First, the control unit 30 supplies a command signal Aon to the AC power supply unit 11, and supplies an AC component current from the AC power supply unit 11 to the photosensitive drum 2 through the charging roller 3 for five rounds. Since the ground of the photosensitive drum 2 is common to the ground of the AC power supply unit 11, a closed circuit is formed by the secondary side of the transformer 13, the charging roller 3, and the photosensitive drum 2 (see FIG. 3).

Next, after the AC component current is supplied, when the photosensitive drum 2 enters the second turn, the control unit 30 supplies a command signal Don to the DC power supply unit 16, and the DC power supply unit 16 supplies the DC component current. The toner is supplied to the photosensitive drum 2 through the charging roller 3 for three turns. Since the ground of the photosensitive drum 2 is common to the ground of the DC power supply unit 16, a closed circuit is formed by the secondary side of the transformer 18, the charging roller 3, the photosensitive drum 2, and the current measuring unit 20 (FIG. 3, FIG. reference). By this closed circuit, a high voltage in which a DC component is superimposed on a previously generated AC component is supplied to the photosensitive drum 2.
The current in which the DC component is superimposed on the AC component is sequentially supplied to the photosensitive drum 2 at the position where the charging roller 3 is in sliding contact. This charges the photosensitive thin film 2B. The reason why a current in which a DC component is superimposed on an AC component is used is to store charges in a material having a dielectric constant close to that of an insulator.

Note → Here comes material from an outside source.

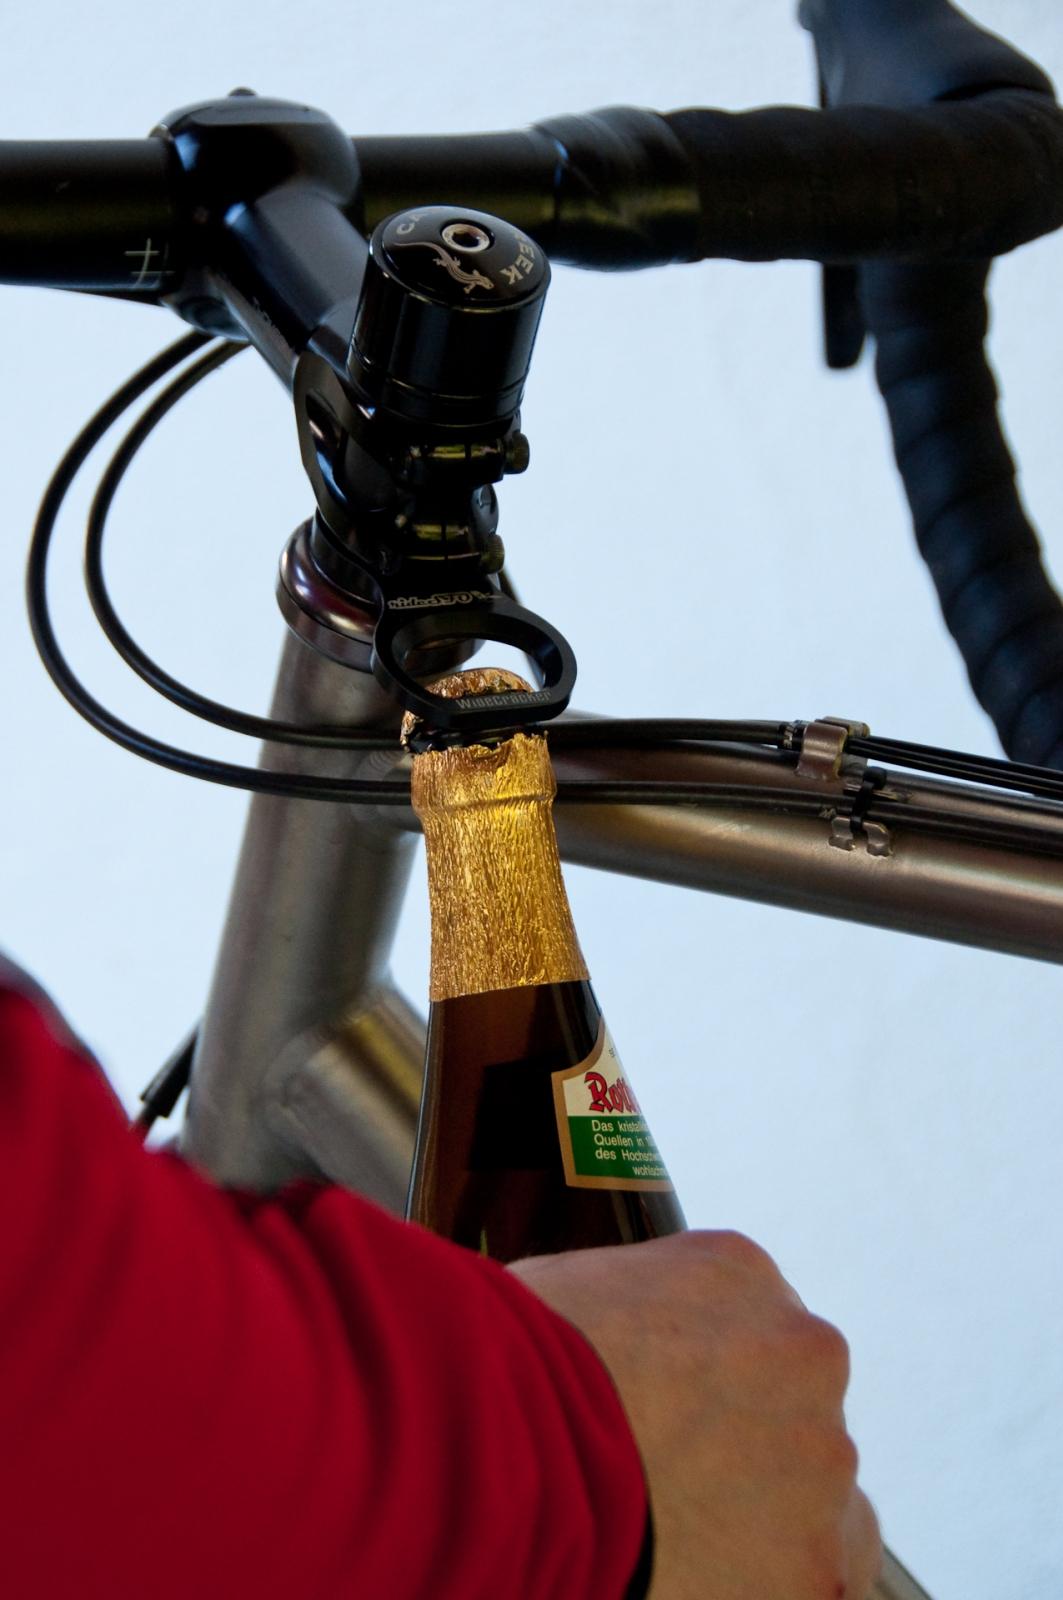 cykel ölöppnare flasköppnare bicycle bottle opener

Here, returning to FIG. 5, the waveform of the measurement current Iref will be described. The current measuring unit 20 starts operating only after the DC component current is supplied. In the first round when the photosensitive drum 2 is supplied with a DC component current, the current value rises to a current value corresponding to the DC voltage due to the influence of the time constant of the circuit, but does not reach saturation. . This current value is equal to the current value flowing into the photosensitive thin film 2B. On the second and third rounds, current flows as much as the photosensitive thin film 2B does not reach saturation.
The charge amount Q charged on the photosensitive thin film 2B is calculated by calculating the area of the measurement current Iref for three rounds (the time during which the DC component current is supplied) by integration.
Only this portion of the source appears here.